ALVisionRecognition

NAOqi Vision - Overview | API | Tutorial


What it does

ALVisionRecognition is a vision module in which the robot tries to recognize different pictures, objects sides or even locations learned previously.

How it works

This module is based on the recognition of visual key points and is only intended to recognize specific objects that have been learned previously.

The learning process is described in the Choregraphe Video monitor documentation:

Learning process

Teaching NAO to recognize objects . With few minutes experience, the robot should be able to learn any new thing in less than 30s.

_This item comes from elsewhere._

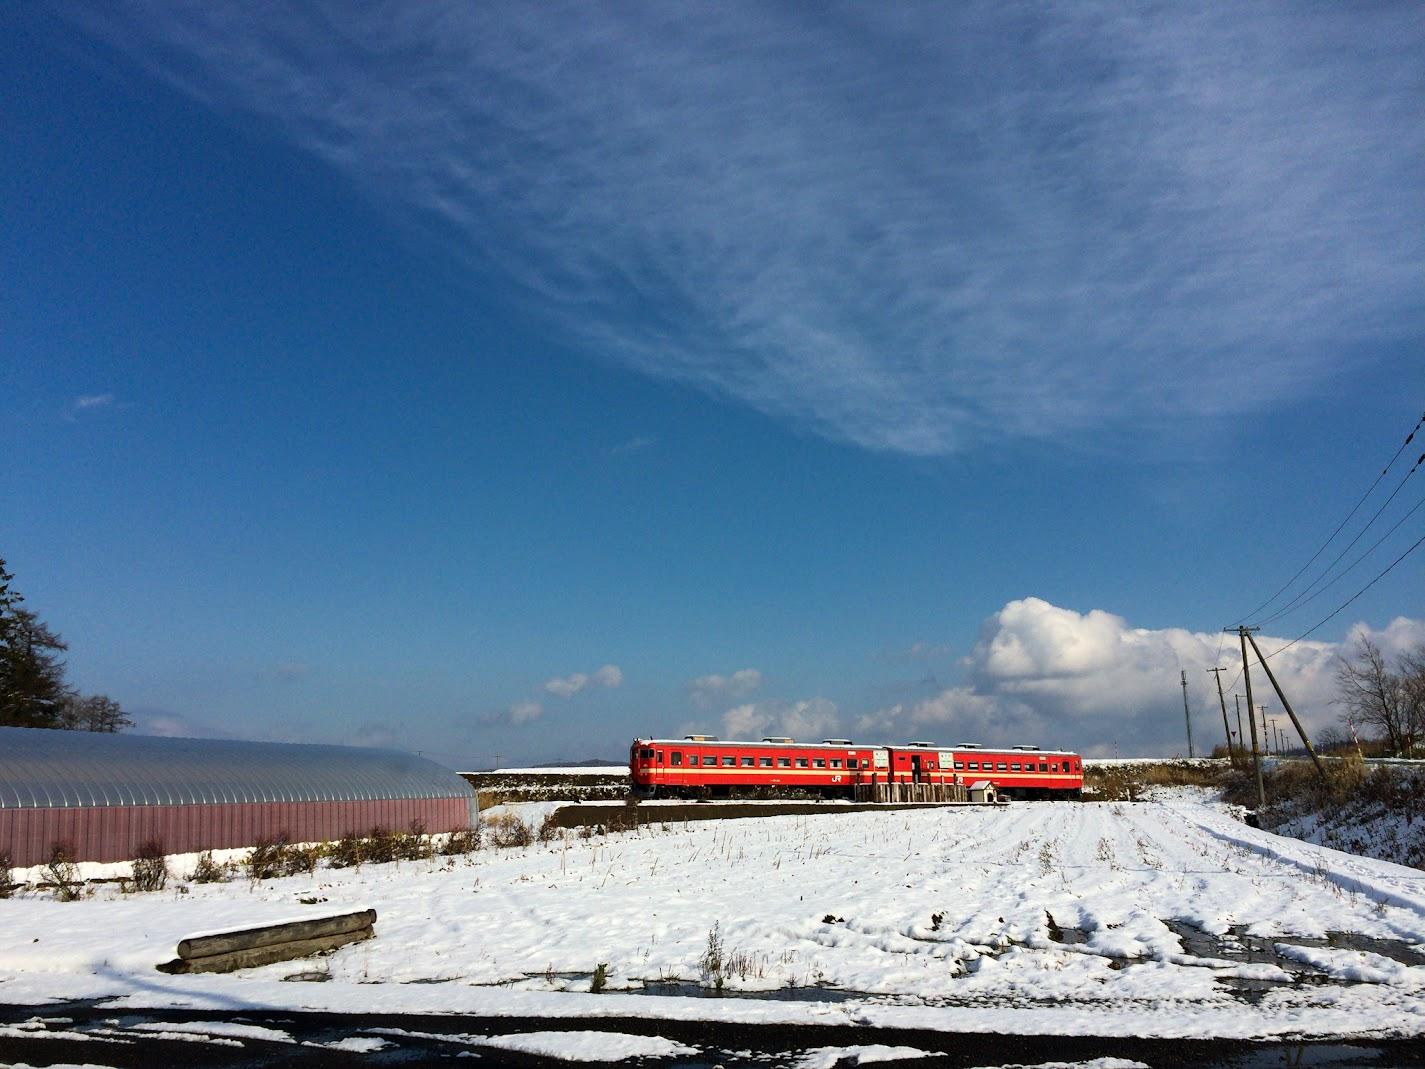 青い空と白い雪と赤い電車の風景
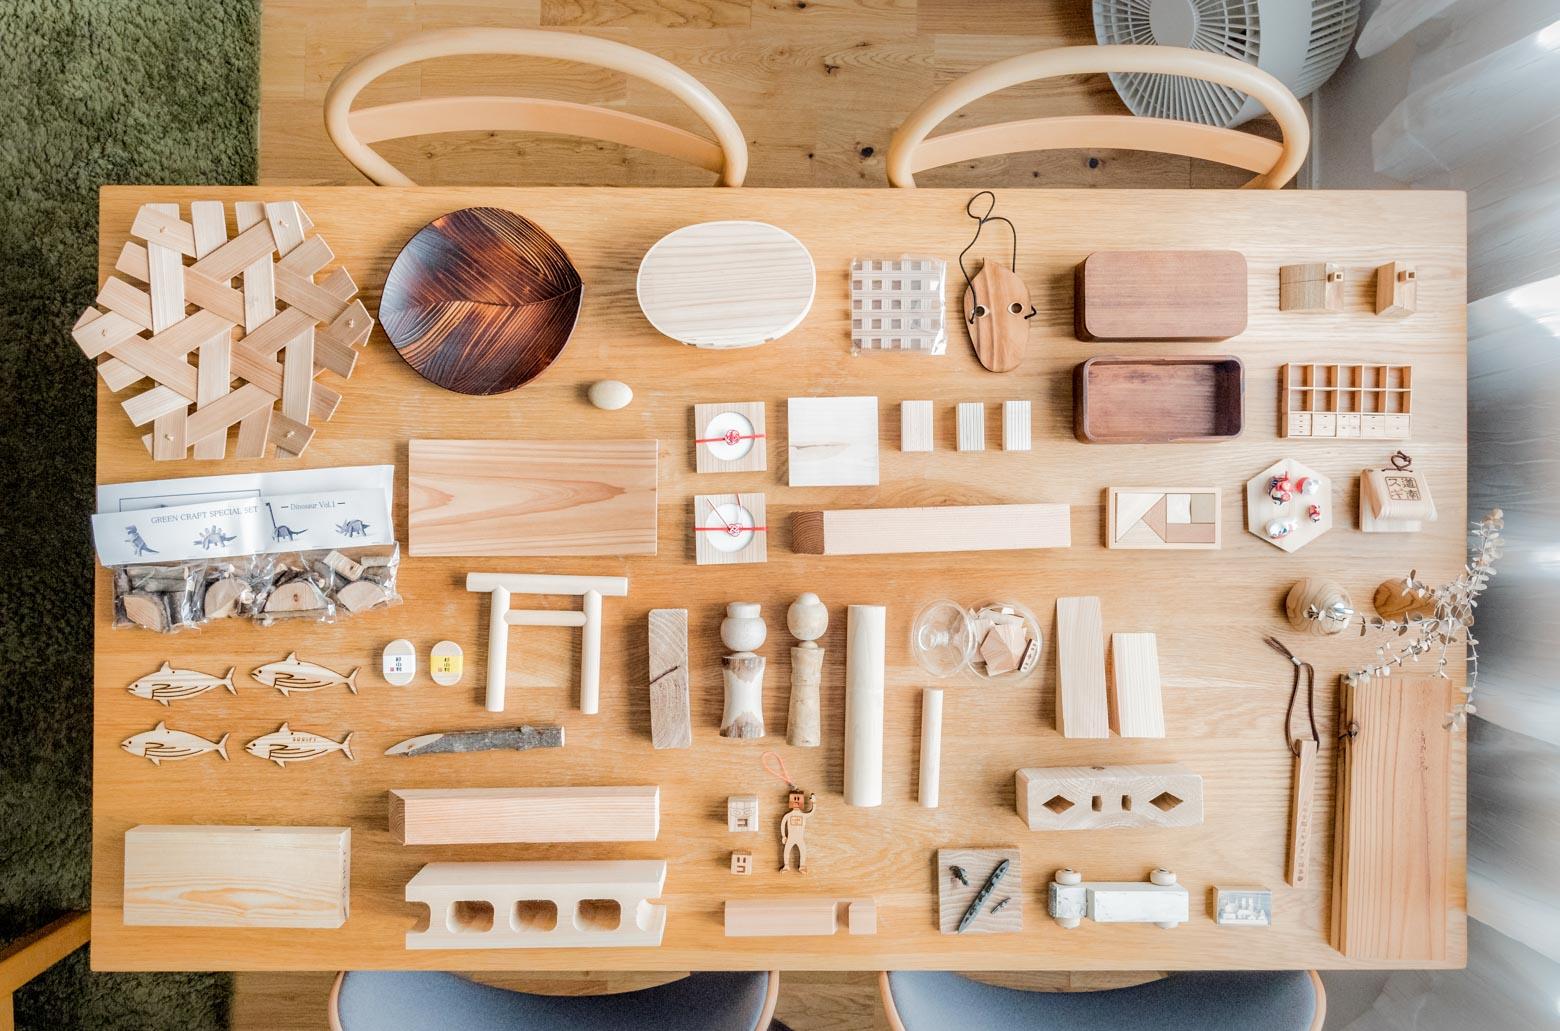 角材から器、グッズまで各種木素材のものがずらり。

Besides, you can also have the robot learn new objects via image files by using the ALVisionRecognitionProxy::learnFromFile function provided in the module.

Detection process

To detect known objects, use:

Maximal number of objects to detect can be set using ALVisionRecognitionProxy::setMaxOutObjs . This is to use when you want the robot to recognize several objects at the same time instead of only one. For example, suppose that you taught your robot to recognize your cup of coffee, your book, and your gamebox. Now, if you run the recognition process on the robot, by default, it will return one recognized object at a time. If you want your robot to return more than one object, you should call setMaxOutObjs() of ALVisionRecognitionProxy to set the desired number of recognized objects for the recognition process.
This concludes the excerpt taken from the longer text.